The big problem is each event computes a new signature to send back to the API. I do have to wonder if the AWS signature is 99% of the problem and once I take that burden off, the entire system will roar to life. That's what makes me so confused because I had heard Erlang / Elixir could do on the scale of significantly more per minute even with pretty puny hardware.
One thing I am working on is batching then I am considering dropping the AWS signatures in favor of short-lived tokens since either way, it's game over if someone gets onto the system anyway since they could exploit the privilege. The systems are air-gapped anyway so the risk is minimal in my opinion.
> One possibility is you're using a single process instead of parallelizing things. For example, you may want to use one process per event, etc.

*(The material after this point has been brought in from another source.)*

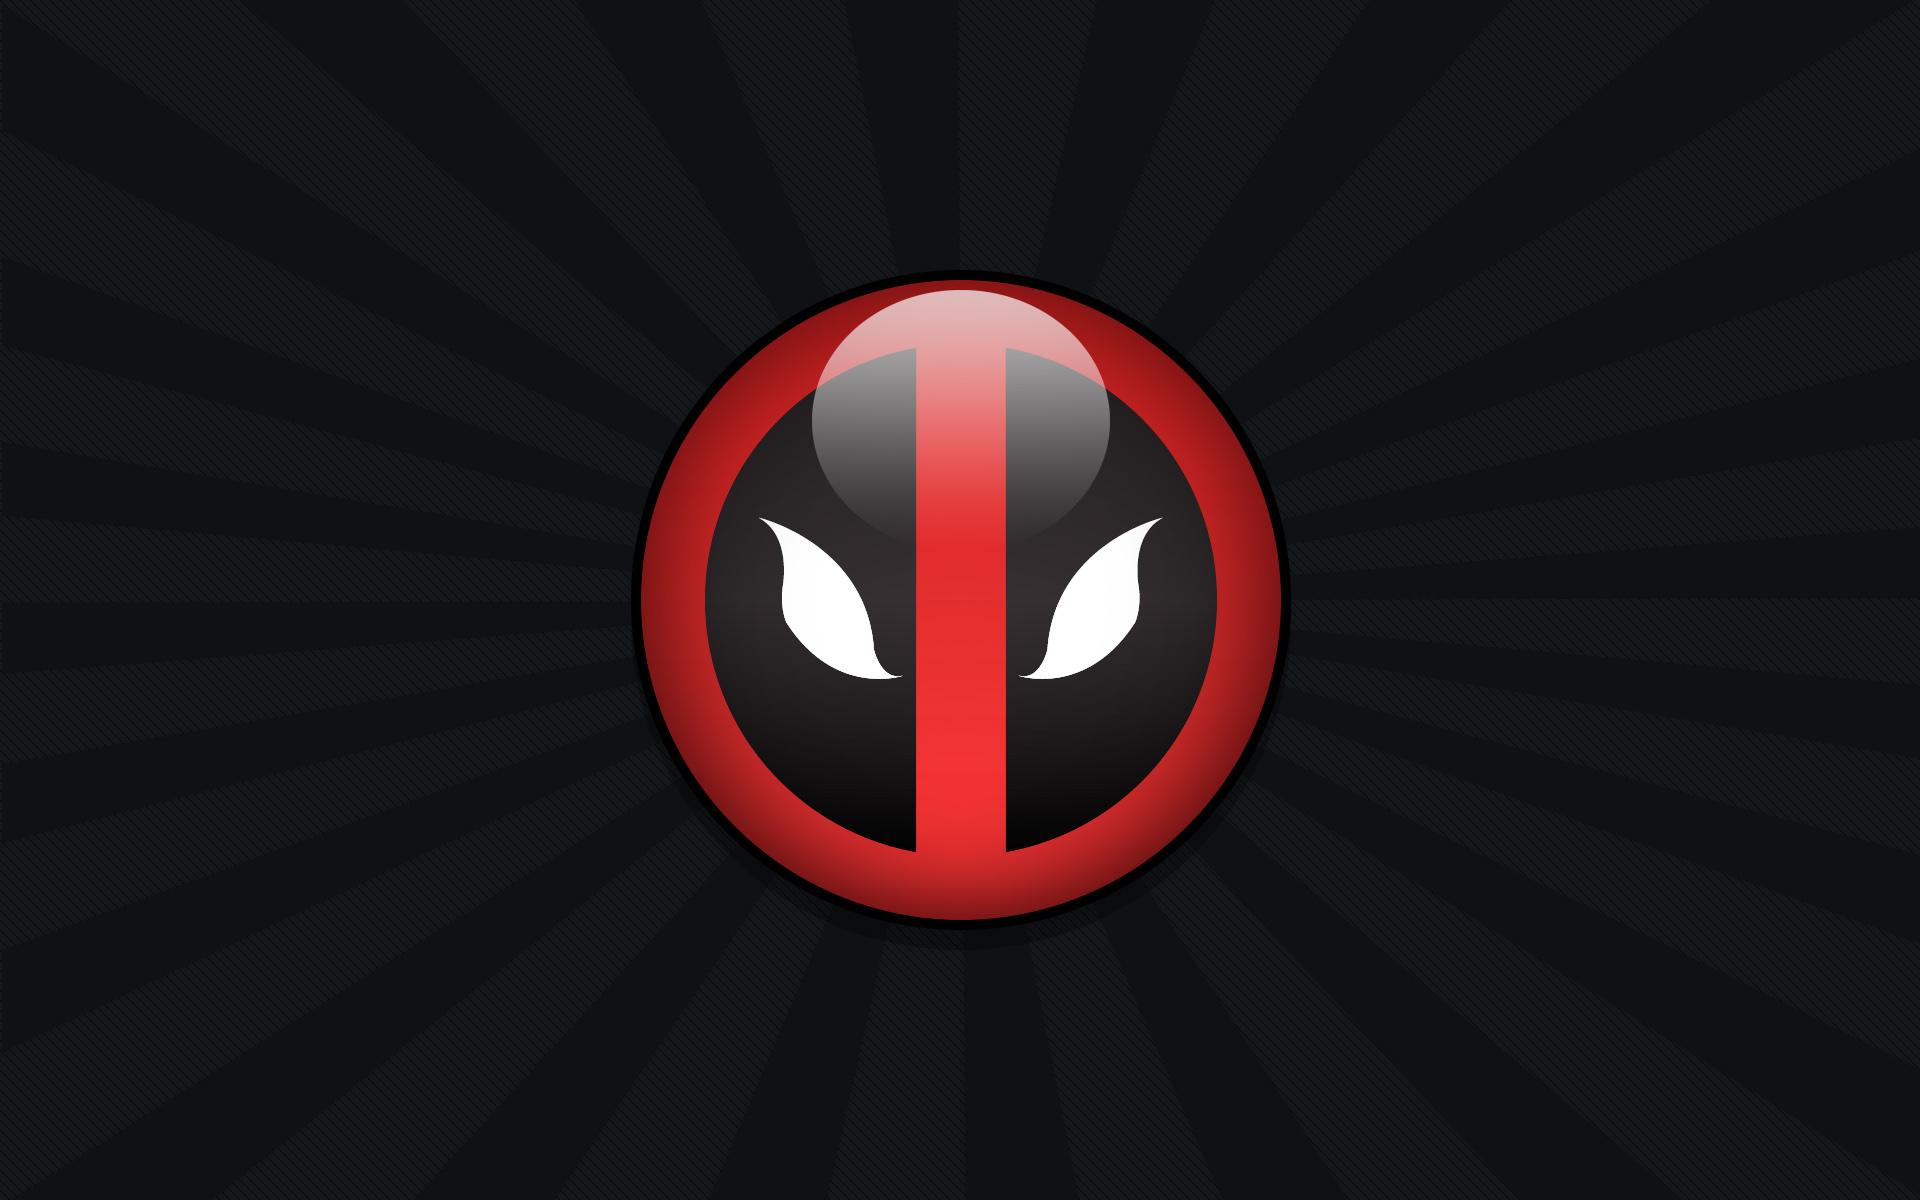 41+] 3D Deadpool Logo Wallpaper on WallpaperSafari.
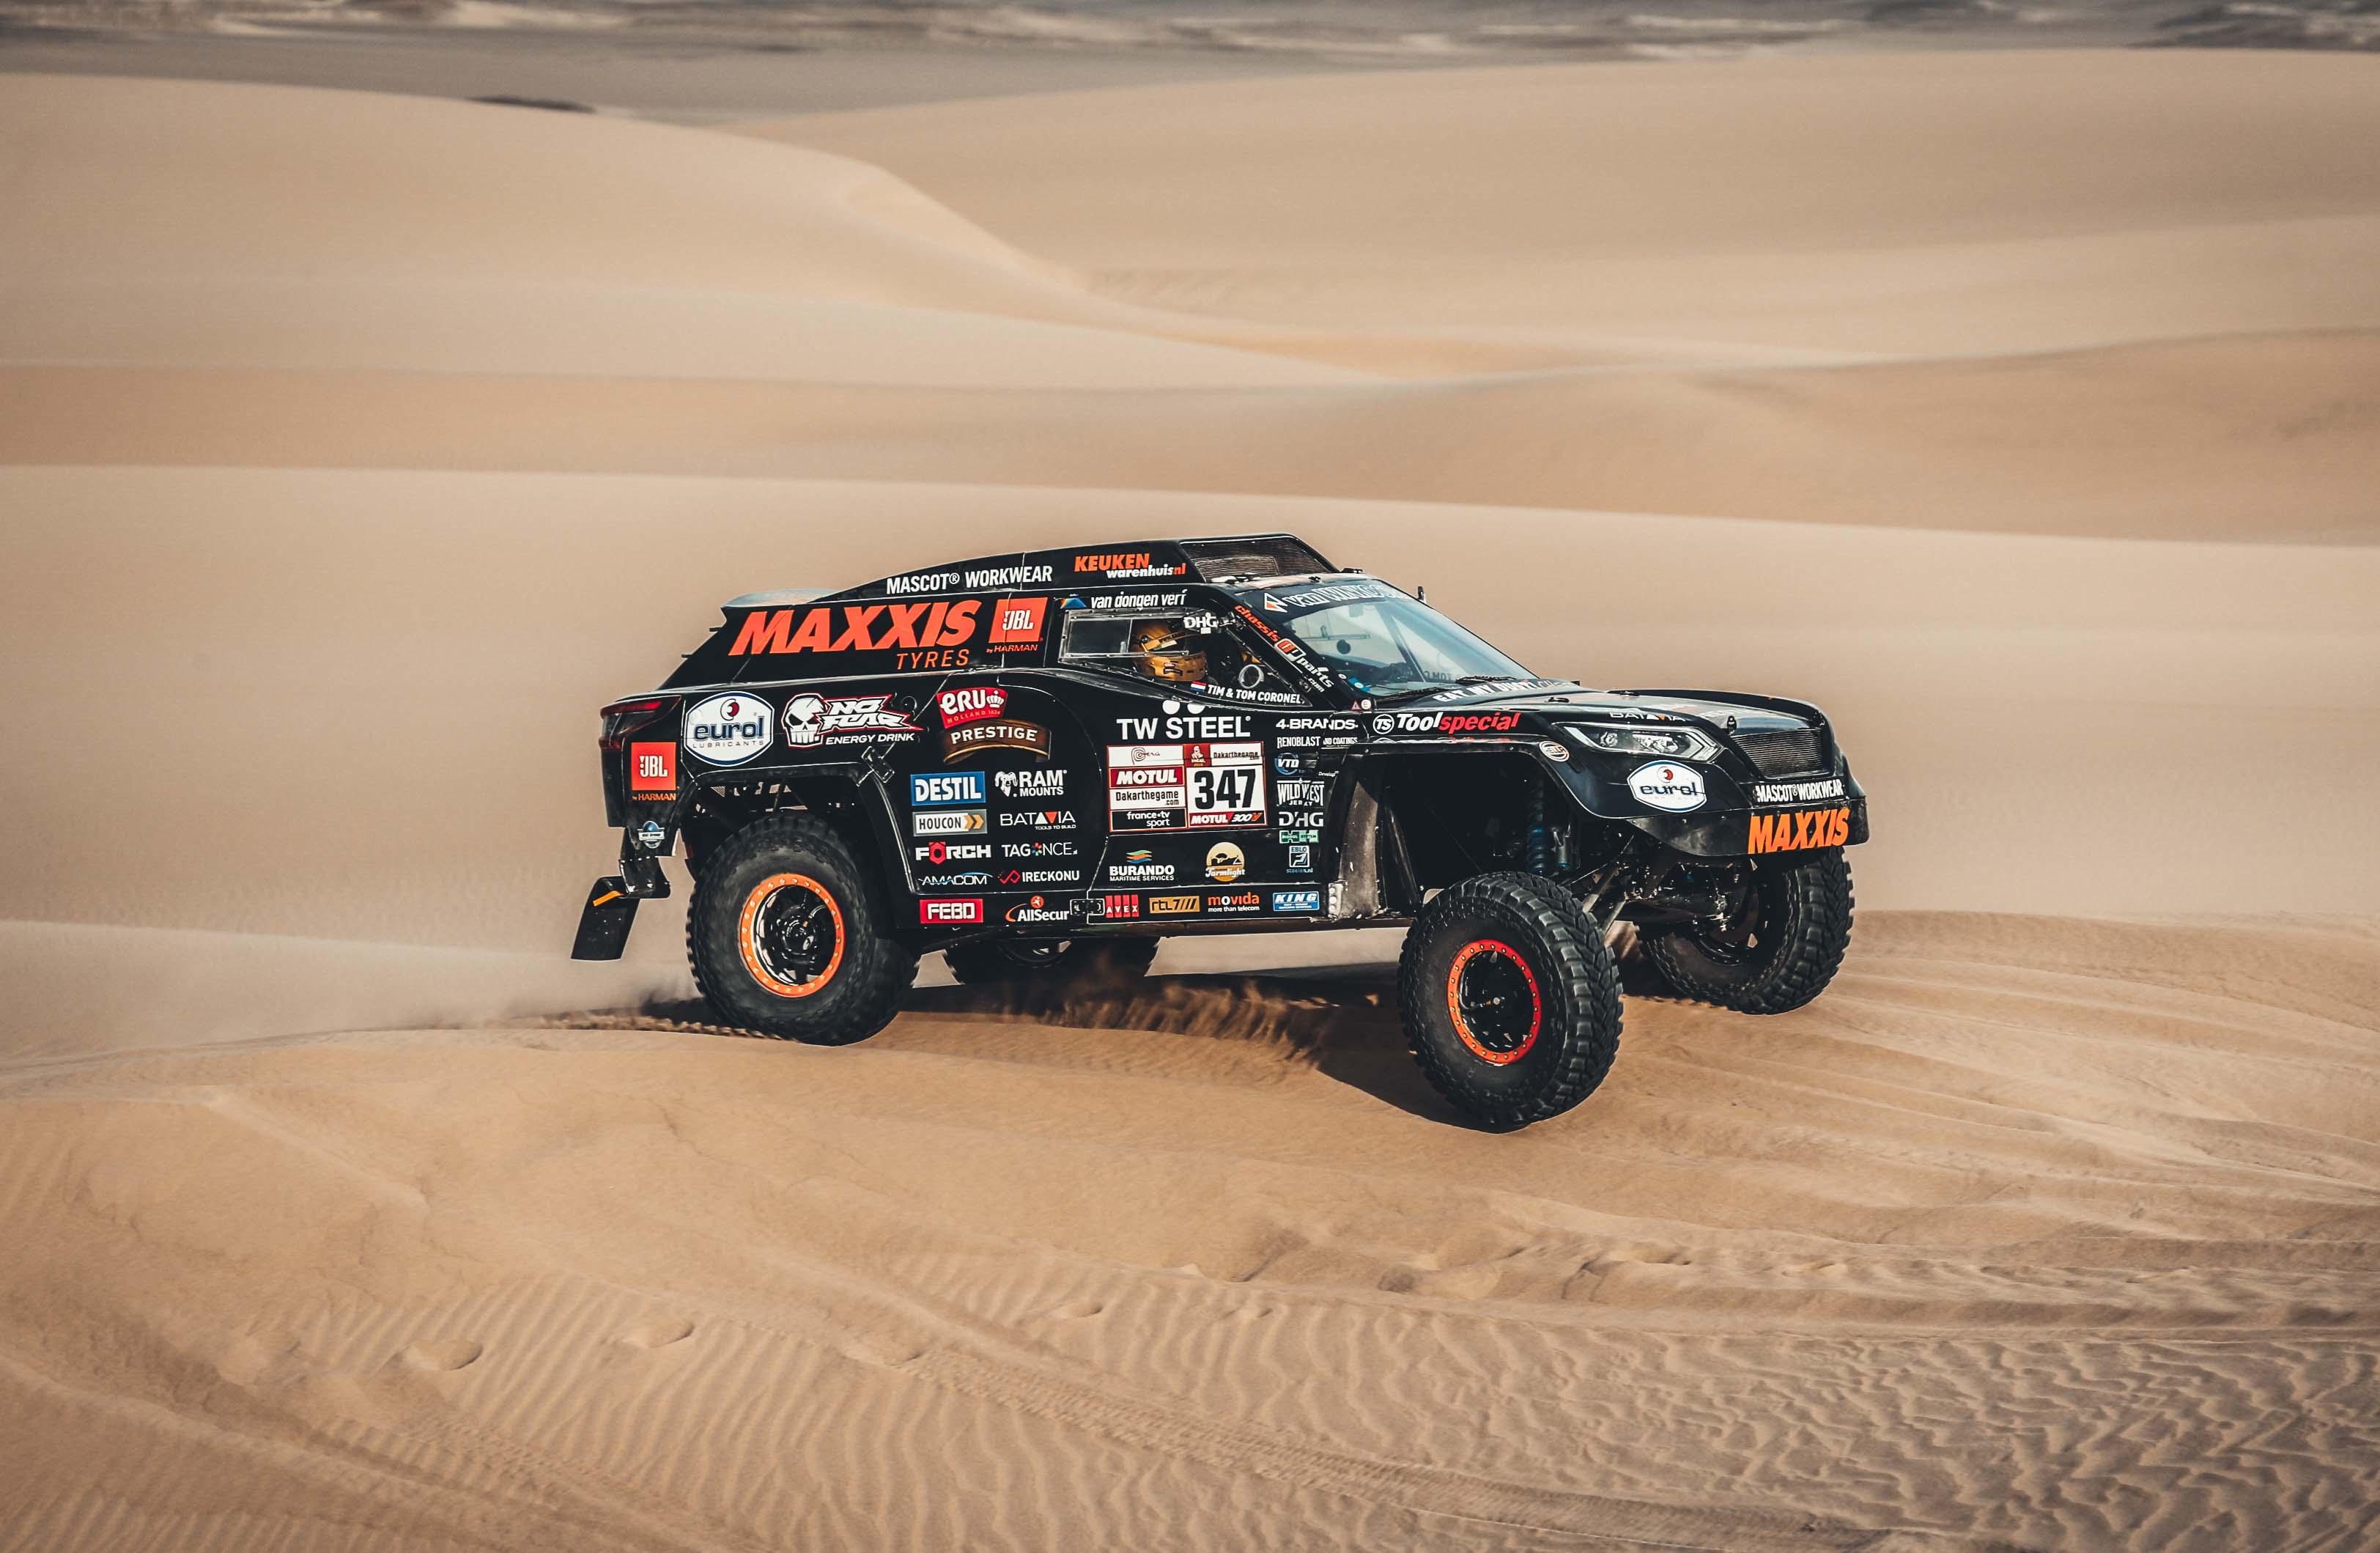 Dakar 2019 etappe 3 - Worstel en kom boven - editie 2019

This is done by pushing it to a task ie: `Task.Supervisor.async_nolink`? That's largely where I found my gains actually.
It took a dive into how things schedule, because a big issue that was happening was the queue would get massively backed up, and I realized that I needed to apparently toggle on a flag telling it to pack the scheduler more (`+scl true`). I also looked into the wake-up lengths of threads. I am starting to get my head around "dirty schedulers" but I am not entirely sure how to affect those or how I can besides it doing it forever me.
The other one just for posterity is that I believe events get unnecessarily queued because they don't / didn't have locks. So if event A gets queued then creates a timer to re-queue it in 5 minutes, event A (c|w)ould continue to get queued despite the fact the first event A hadn't been processed yet. So the queue would just continue to compound and starve itself.